I was told I would have to be referred to them through my GP, I was a bit shocked as I need to speak to someone about my mental health. It's good job it's not more serious, as I can see how some people might fall through the cracks if they don't have time to go to their GP, or they are not in the right mental state to organise to see a GP and then wait for an appointment with a psychologist .
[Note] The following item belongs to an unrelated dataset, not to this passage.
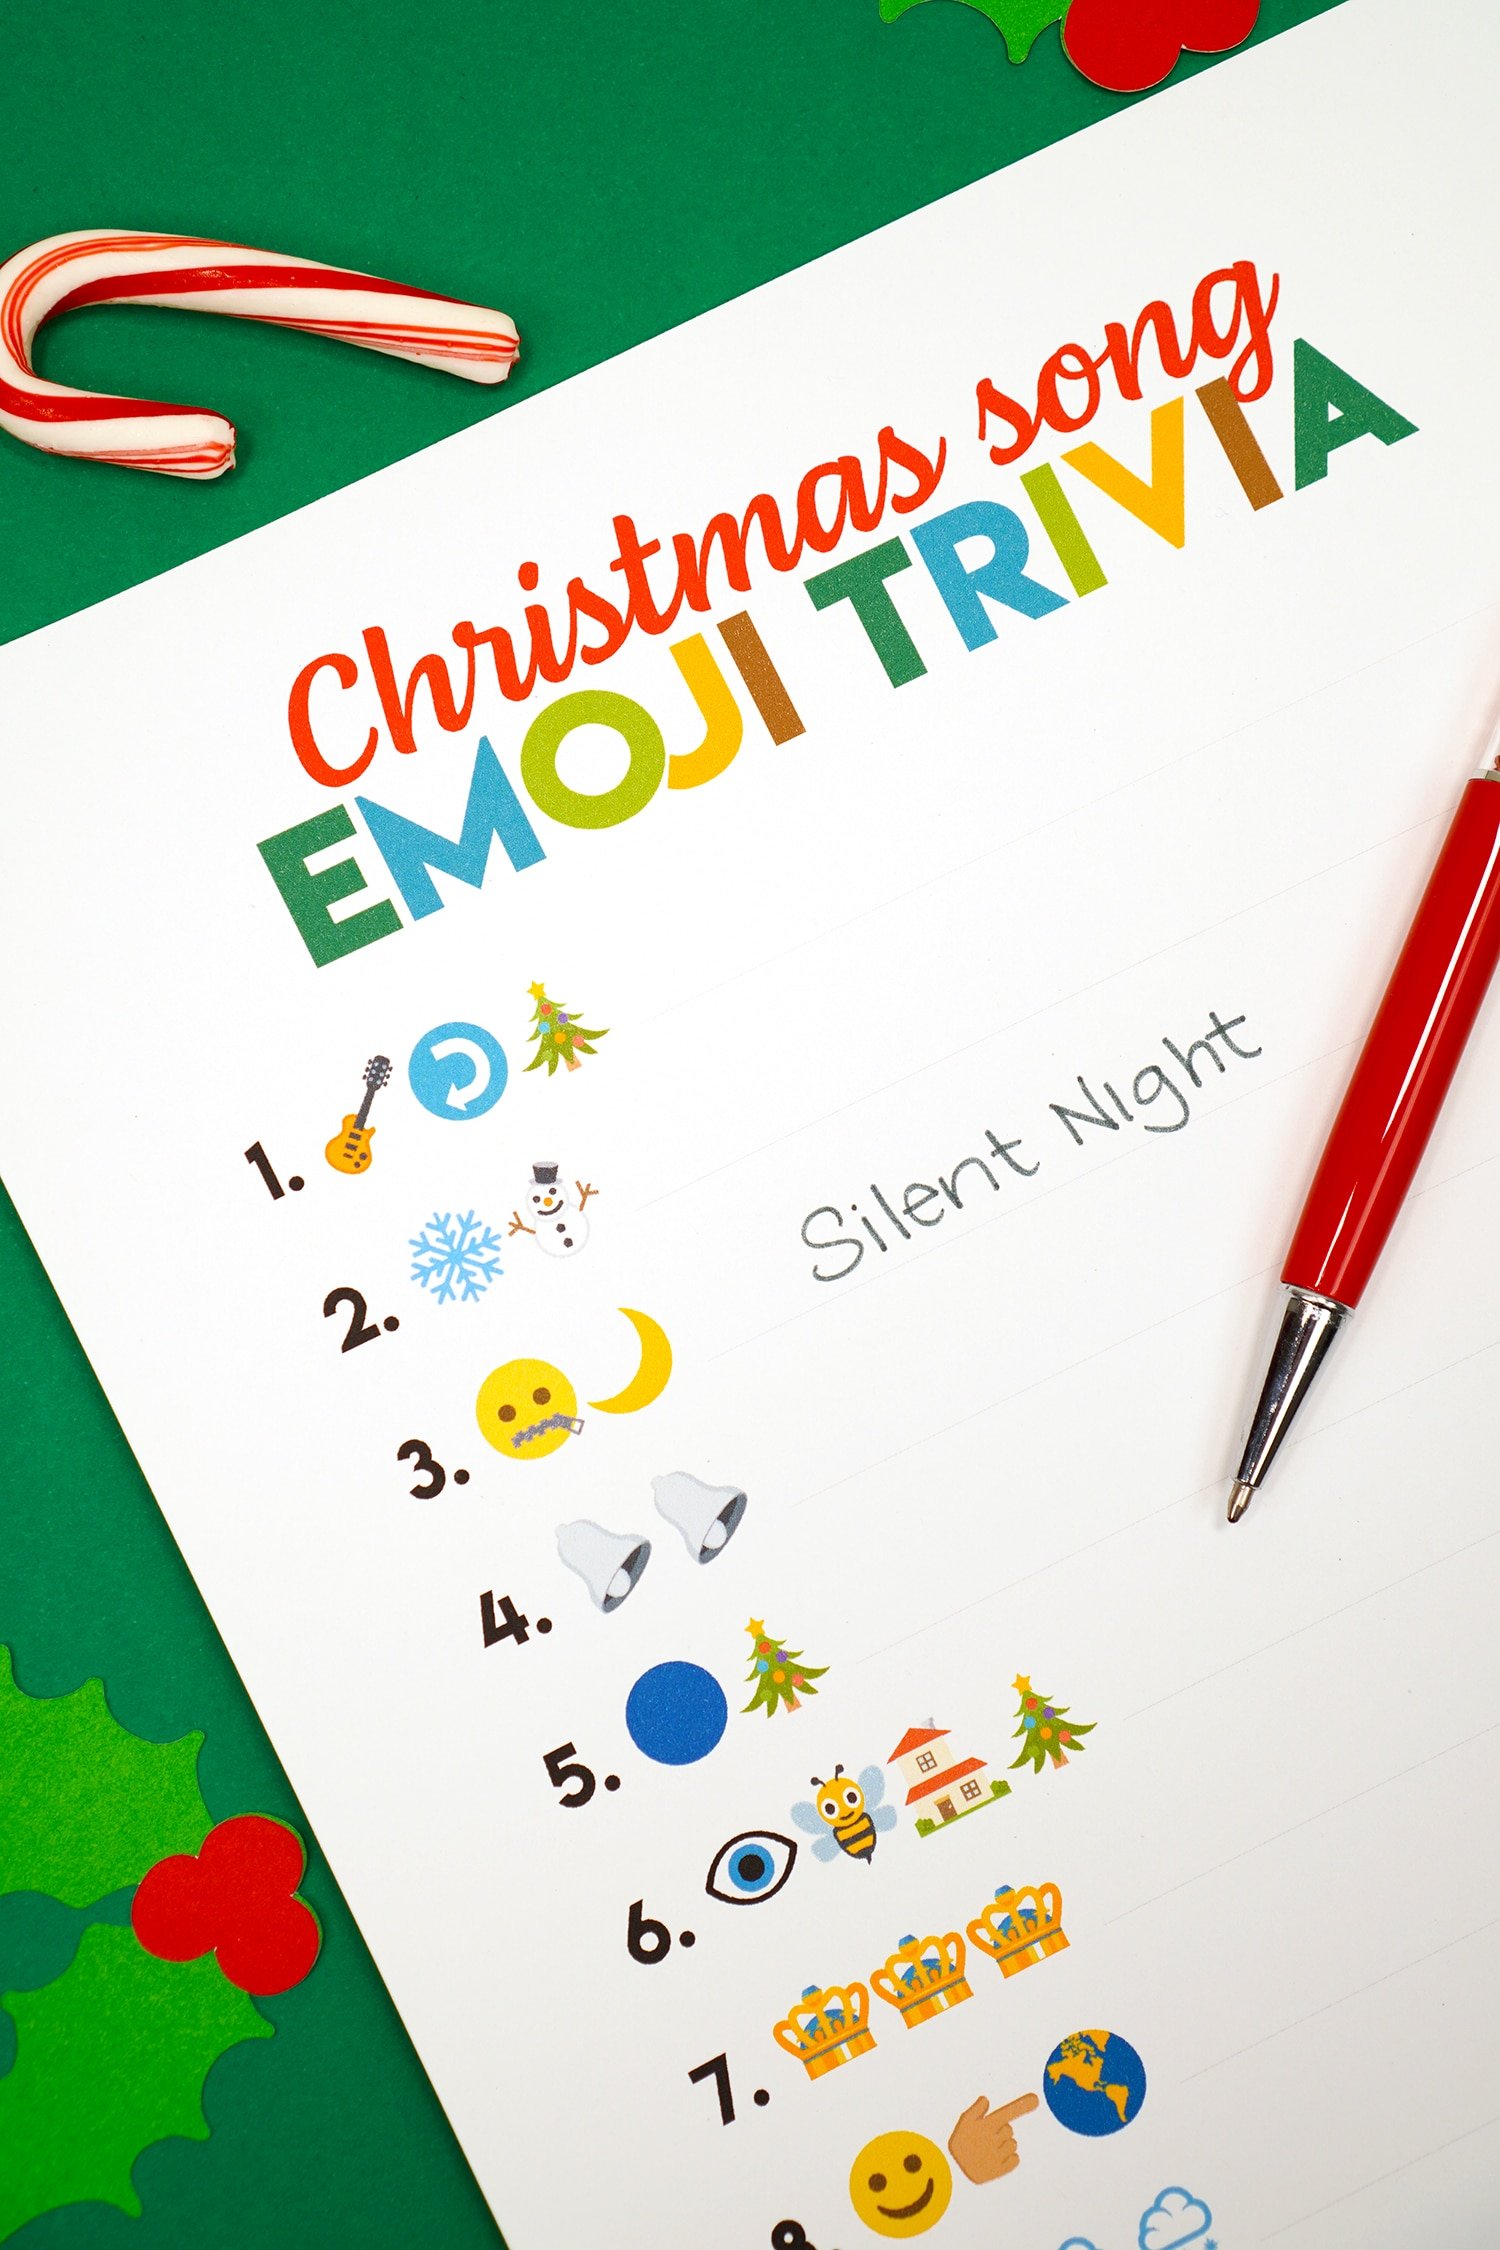 christmas song emoji trivia printable game
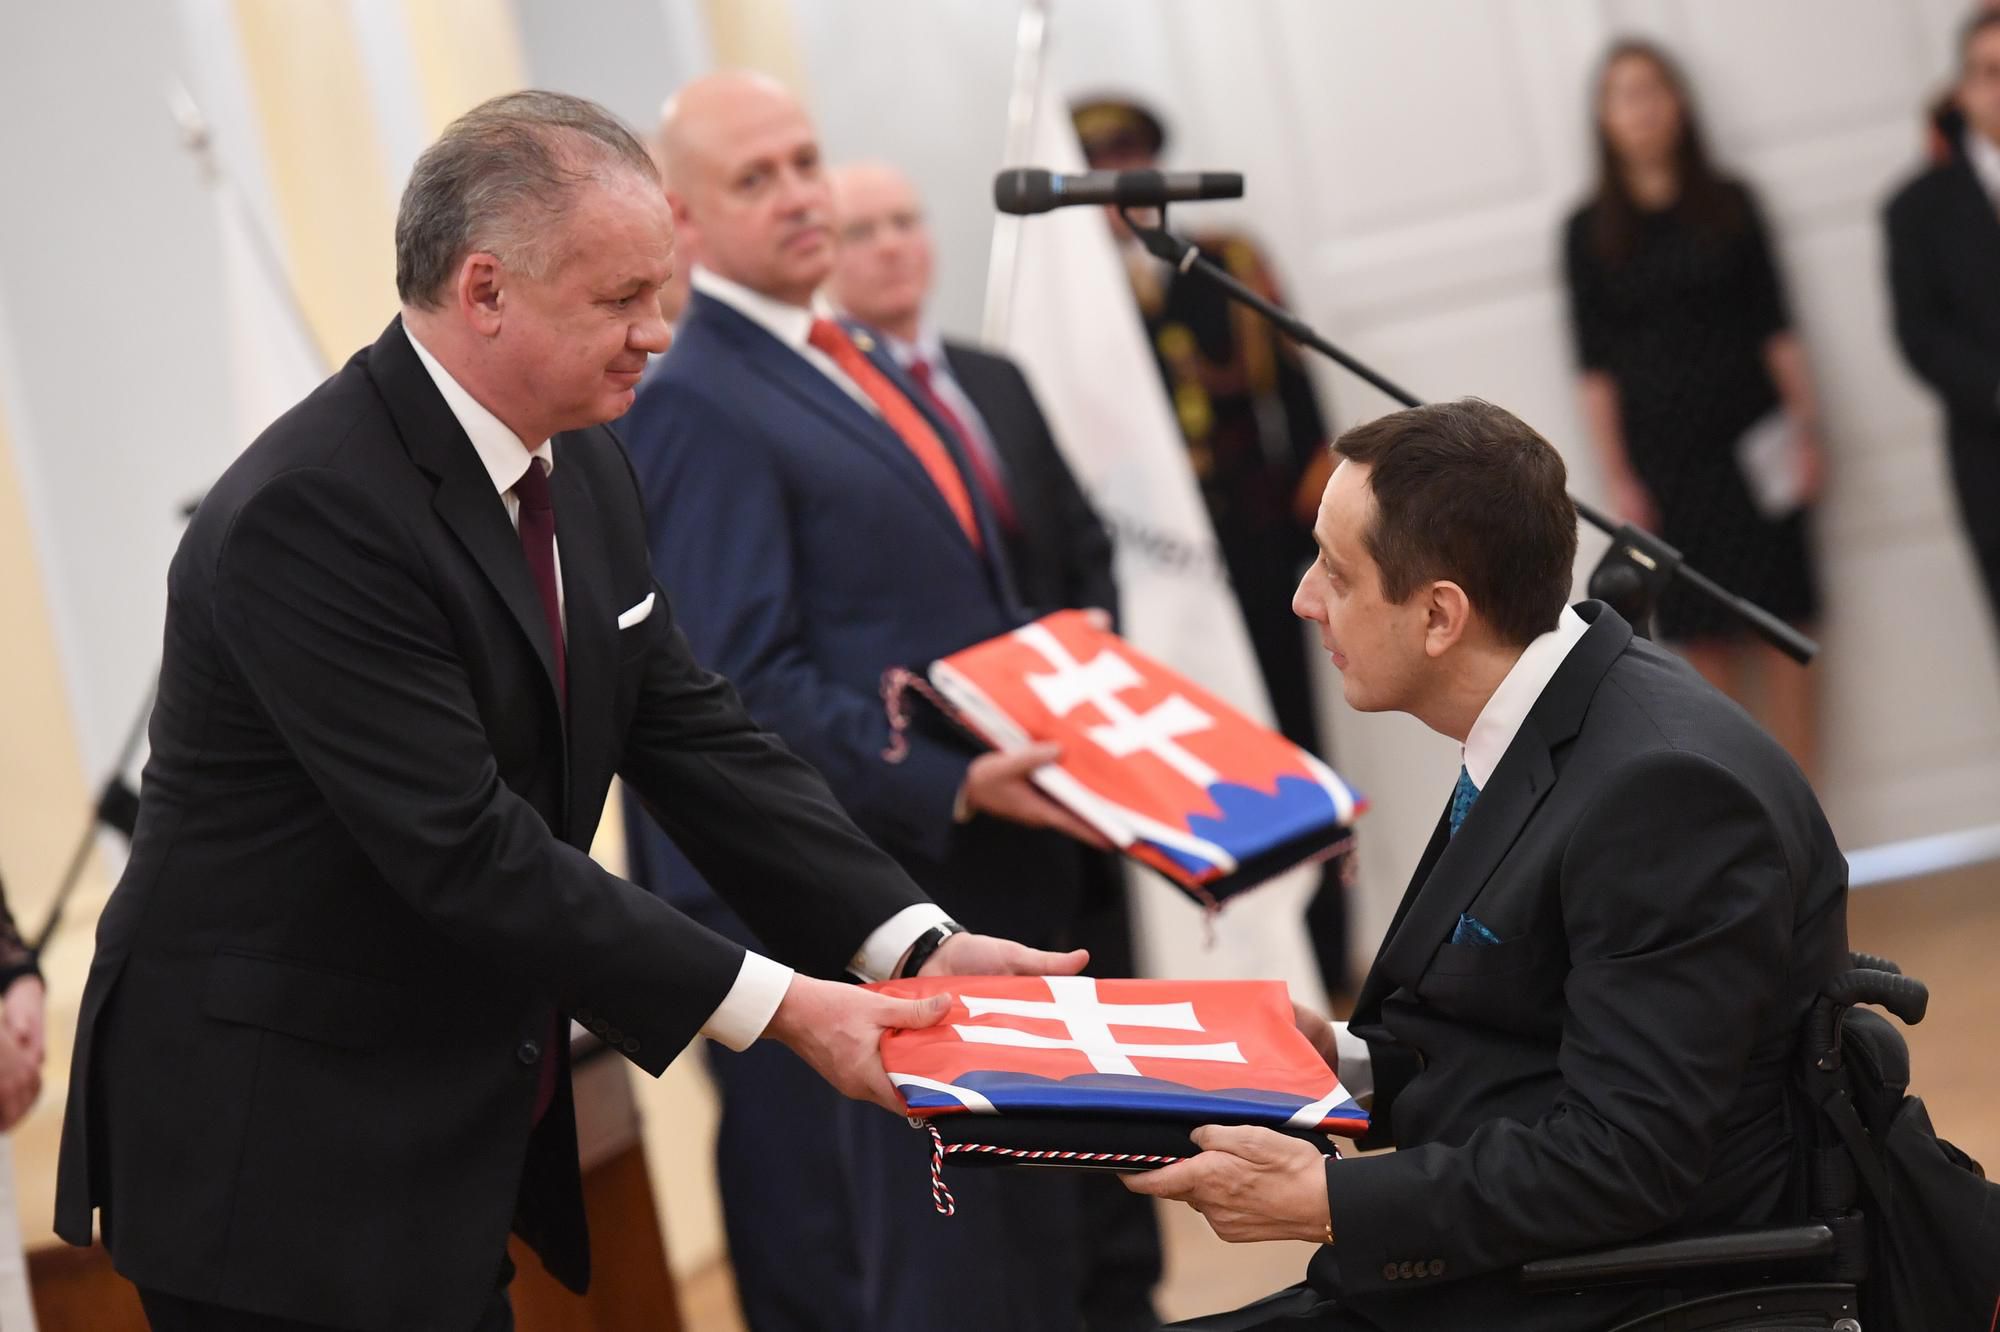 Predseda Slovenského paralympijského výboru (SPV) Ján Riapoš si preberá dekrét a slovenskú vlajku z rúk prezidenta SR Andreja Kisku.

So I phoned my doctors surgery, the woman asked for my details, sounded confused and asked me to hold. Some Annoying Spanish flamenco dancing music came on, which kind of made me want to salsa around the living room (that's Spanish too right?) but I resisted the urge. 5 minutes later when I was just about to sing to myself to drown out the flamenco/salsa music the receptionist came back on the line and told me that my account is inactive. I asked her what that meant, and she explained that because I hadn't been in over a year I have to go back in and re register, filling in all of the paperwork before I can make an appointment to see my GP. I explained to her that I want to be referred to the mental health team, so I'm not phoning about some little cold I've got, but she said sorry but I have to re register. I told her that was ridiculous and asked if I book an appointment then don't go in for another year would I have to re register again and she said yes! What a joke so I guess at least once a year I have to go to my GP, waste his time to tell him that I feel fine just to stay on the bloody system. I felt like I couldn't be bothered which is dangerous for someone with a history of depression, I will battle through but how many others would? It makes me glad that tomorrow I am going to a meeting for people looking to volunteer with the Samaritans, to help those that otherwise may have fallen through the cracks because there was nowhere else for them to turn.